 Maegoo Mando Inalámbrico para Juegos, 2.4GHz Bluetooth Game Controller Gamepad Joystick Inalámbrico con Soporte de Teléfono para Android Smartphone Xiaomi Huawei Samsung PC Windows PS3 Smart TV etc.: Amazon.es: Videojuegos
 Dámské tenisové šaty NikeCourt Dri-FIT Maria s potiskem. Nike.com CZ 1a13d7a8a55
※ ※ ※
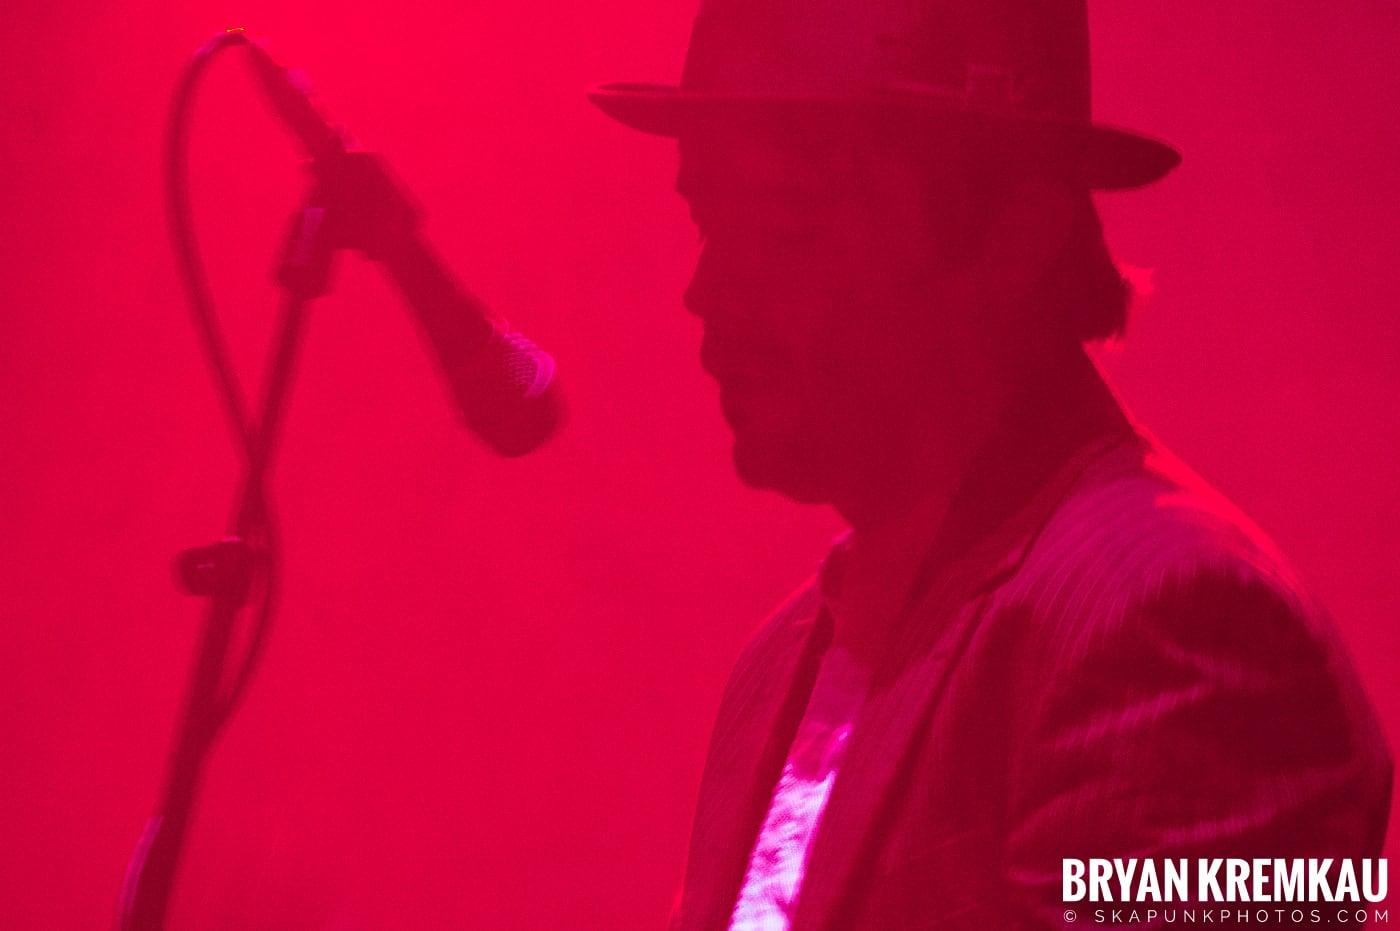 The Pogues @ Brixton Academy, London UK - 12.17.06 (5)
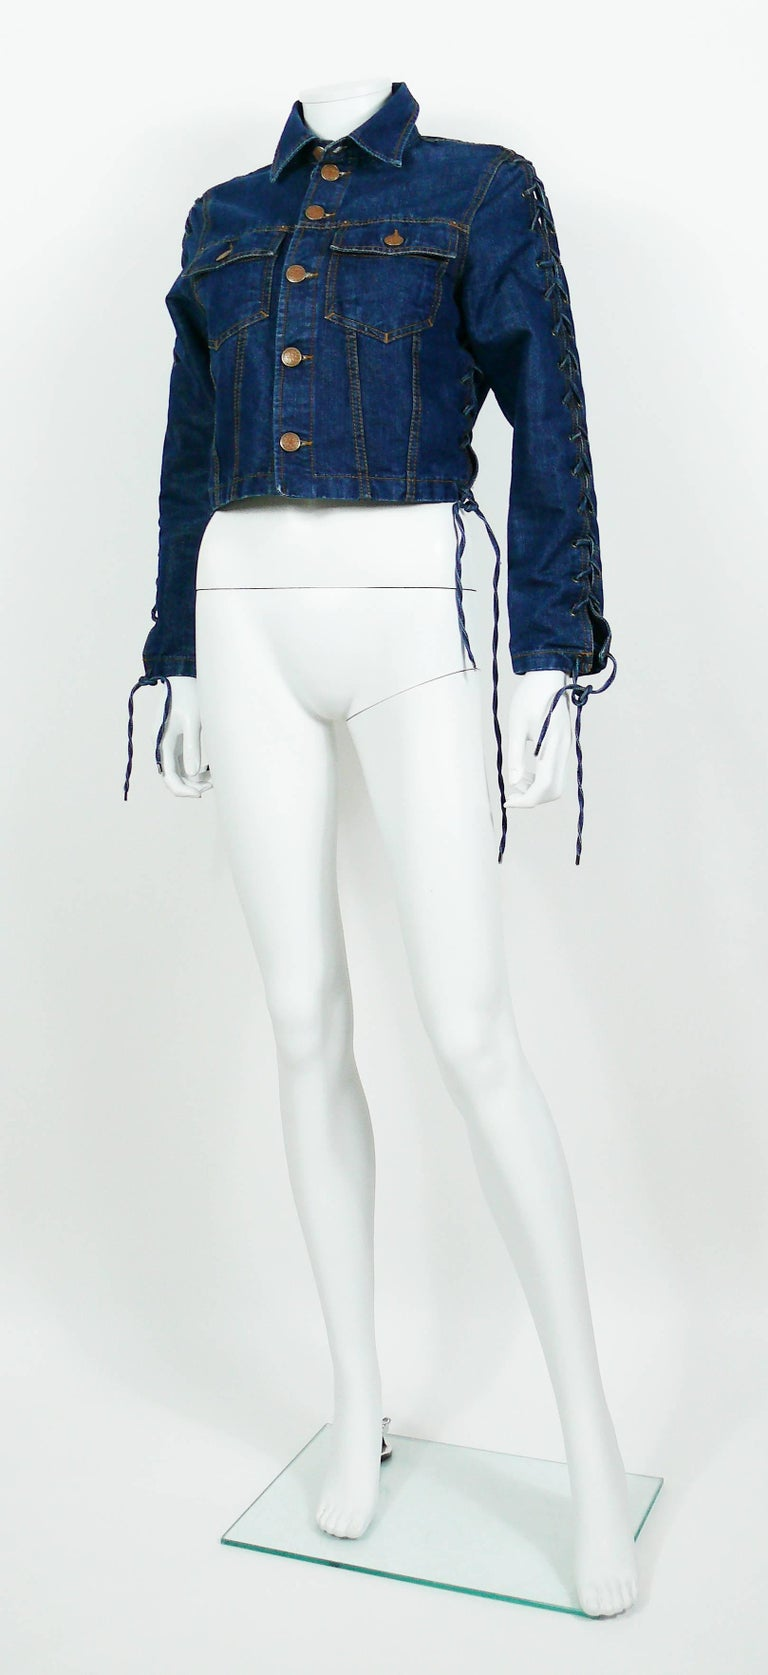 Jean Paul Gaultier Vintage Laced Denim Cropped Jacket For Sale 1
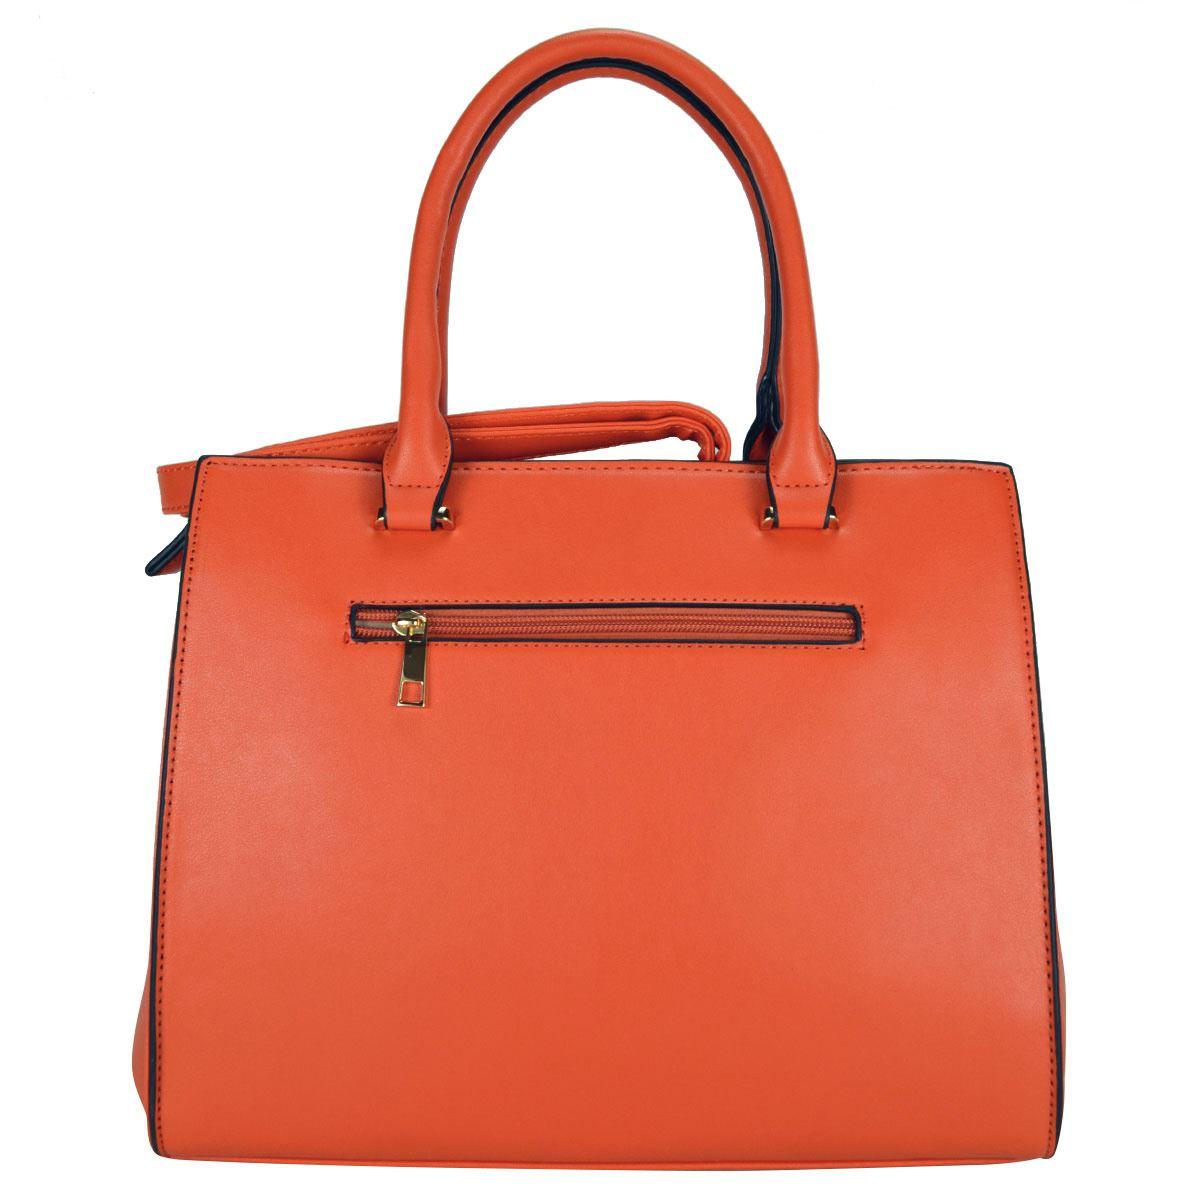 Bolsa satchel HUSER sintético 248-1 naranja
※ ※ ※
Task directions:
In the entries above, which lines run from the one with "The Pogues @" up to and including the one with "Bolsa satchel HUSER sintético 248-1 naranja"? Write them out exactly, without the pictures.

Written answer:
 The Pogues @ Brixton Academy, London UK - 12.17.06 (5)
 Jean Paul Gaultier Vintage Laced Denim Cropped Jacket For Sale 1
 Bolsa satchel HUSER sintético 248-1 naranja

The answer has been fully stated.